More good news is the elimination of income requirements. This means you don’t have to document your income unless you’re lengthening your loan term. (Going from a 15 year to a 30 year mortgage) This is excellent news for the recently unemployed.

If you’re considering a mortgage refinance under the new program you will not be required to keep your existing lender. Because the fees you pay closing on any home loan make or break the deal you’re getting you’ll want to shop carefully comparing both refinance rates and closing costs before kicking your existing lender to the curb.

Remember that lender participation is voluntary so smaller lenders like community based credit unions may be more willing to approve your application. Individual lenders have the ability to create their own qualifying rules. While there are no minimum credit score requirements, you might find your lender requires a certain credit score to qualify. If you’re having trouble finding a lender to approve your HARP 2.0 application, a good mortgage broker could match you with a lender willing to take on your mortgage.

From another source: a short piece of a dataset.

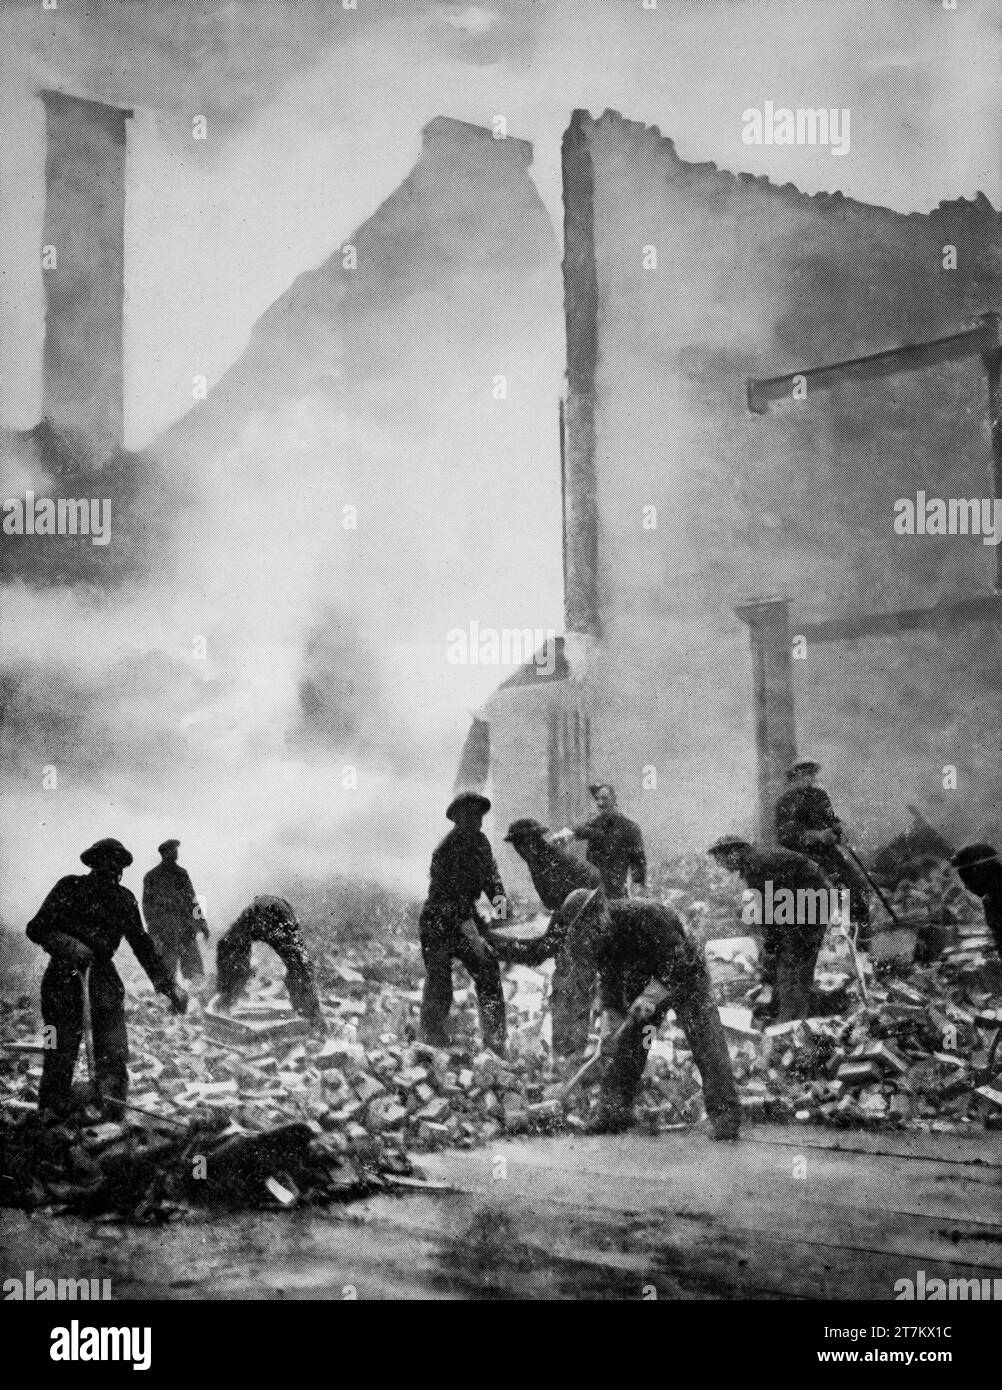 Les membres du Pioneer corps ont déblayé les décombres et endommagé les rues de Londres à la suite des raids aériens de la Luftwaffe pendant la Seconde Guerre mondiale en janvier 1941. Banque D'Images

There are a few other HARP 2.0 rules that you should know about. One thing the program will not do for you is combine your primary and 2nd mortgage loan. If you’re underwater on a second home or investment property you can refinance as the new program is not limited to your primary residence. Lastly, HARP 2.0 does not apply to VA, FHA, or USDA home loans. These agencies have their own programs for underwater mortgage refinancing.

Beware Unnecessary Fees & Markup

One of the incentives under HARP 2.0 intended to boost lender participation is essentially a license to charge whatever the lender likes when it comes to approving your loan. This is why comparison shopping for refinance rates and fees is so important.

If you overpay the loan origination fee or other closing costs it can be difficult, even impossible to recoup your out-of-pocket expenses. If you never break even on your closing costs you’ll be losing money on the new home loan, no matter how low your interest rate.